The AKTA ready system controls the pinch valves with a “pneumatic distributor” mounted inside the instrument, the pneumatic distributor comprising a common air inlet for pressurized air and a control valve arrangement distributing and regulating the air pressure towards the pinch valves for control of the process liquid at side of the consumable, the single-use flow path. Each pneumatic pinch valve is connected via a pneumatic conduit to its respective control valve at the pneumatic distributor in a fixed configuration and layout.

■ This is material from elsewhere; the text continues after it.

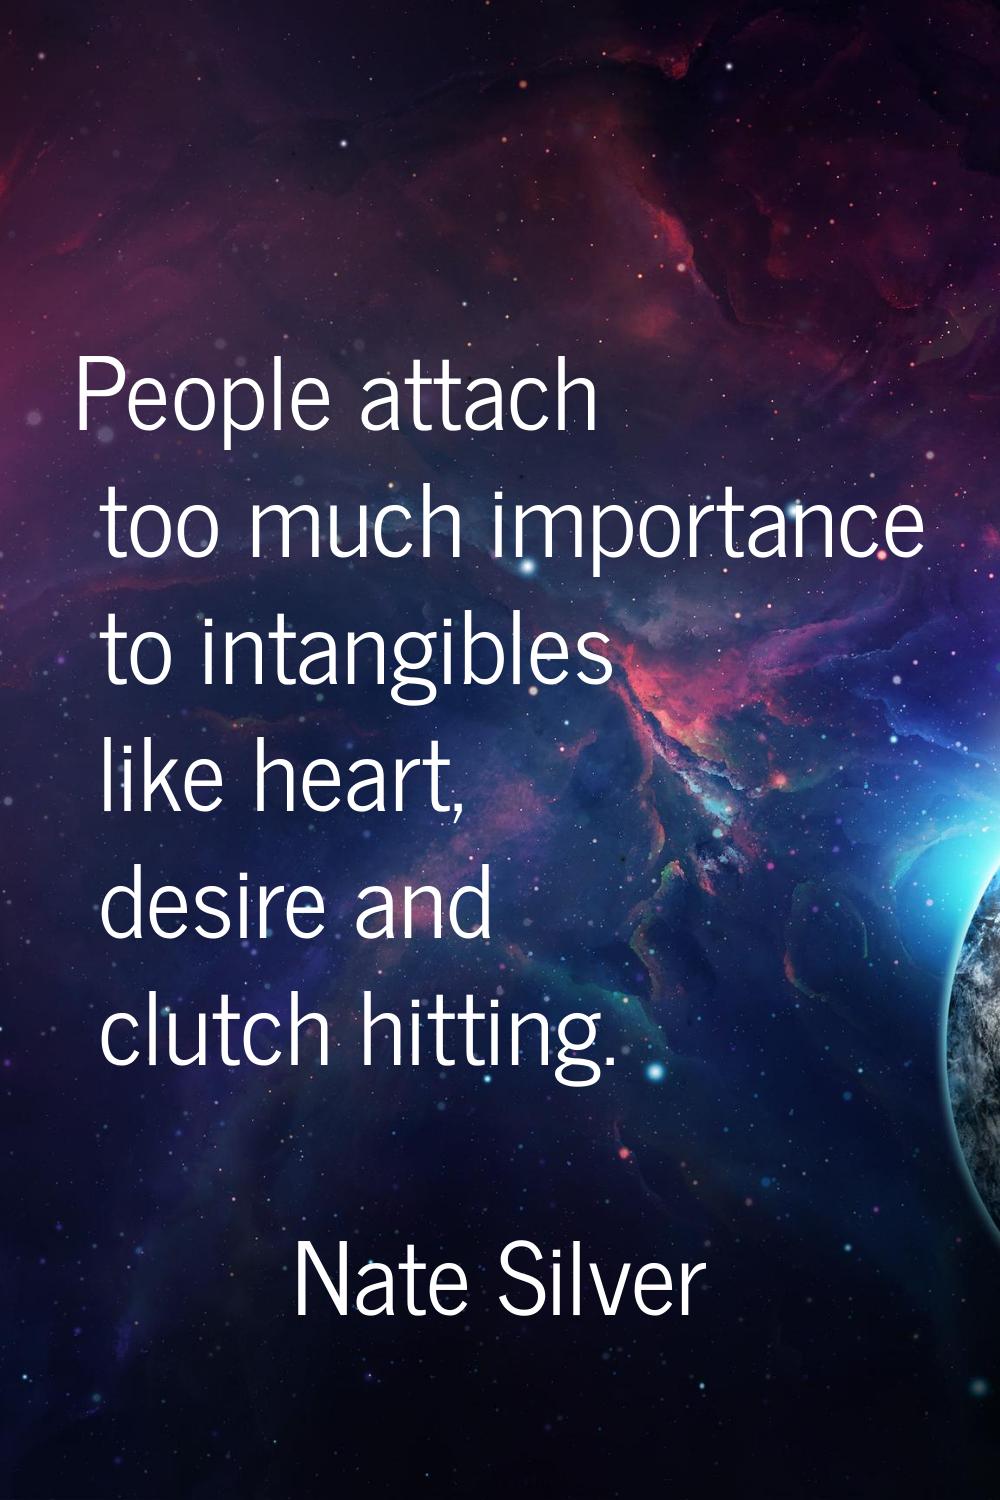 People attach too much importance to intangibles like heart, desire and clutch hitting.

Millipore's FlexReady chromatography system uses a “clamshell” design, which is a cassette comprising the consumable flow path, which is made up from a flexible bag with welded conduits forming the flow path. The clamshell also comprises required valving to open or close the fluid conduits of the disposable parts. Further, the clamshell comprises the “pneumatic distributor” that controls the pressurization of the fluid driven (pneumatic) valves controlling the flow of process liquid inside the conduits of the single-use consumable. The “pneumatic distributor” is again a control valve arrangement fed by a common pressurized air supply. The clamshell is interchangeable and different clamshells configured for different unit operations such as chromatography or filtration can be fitted to the instrument. In this regard, flexibility is provided to adapt to different liquid processing tasks by replacement of the clamshell. Each clamshell is however dedicated to a specific configuration of the consumable that is used for example for either chromatography or filtration. Therefore, the pneumatic controller in the clamshell will operate solely the specifically configured clamshell, other clamshells do require their own pneumatic distributor. Further, the pneumatic distributor in a given clamshell is configured to solely interact with and control the valve arrangement for a specific configuration of the single-use fluid flow path, the consumable. This design has also a need for multiple, fixed configured pneumatic distributors, which will impact overall cost of system hardware, complexity, as well as weight, size and ease of use for each clamshell. See WO2011154885 and US20130240065A1, which are hereby incorporated by reference in their entireties.
Pneumatically controlled valve arrangements have also been proposed for simulated moving bed chromatography. Examples of such valves are described in U.S. Pat. No. 7,846,335B2, U.S. Pat. No. 8,196,603B2 and U.S. Pat. No. 7,790,040B2 (hereby incorporated by reference in their entireties).
US20110005984A1, hereby incorporated by reference in its entirety, proposed a two part valve. A separate, and potentially single-use valve part contacts the medium, and a reusable pneumatic actuator forms a separate part that is positioned adjacent to the valve part. The two parts may be connected to become a working valve. These valve arrangements are however bulky and inflexible as the seizing and positioning of the consumable parts and flow conduits adjacent to the latter cannot be selected independently from the size, position or configuration of the pneumatic actuator part.
While the fixed configurations in between valve manifolds and their pneumatic control systems described above is industry standard for single-use biological liquid processing systems, there are a number of disadvantages of fixed configurations with regard to limited flexibility, increased cost and a large physical size and weight involved in handling of the systems and its single-use consumables.
There is a need for better valve design that offers low cost and high flexibility for biological liquid handling, especially for the production of biopharmaceuticals.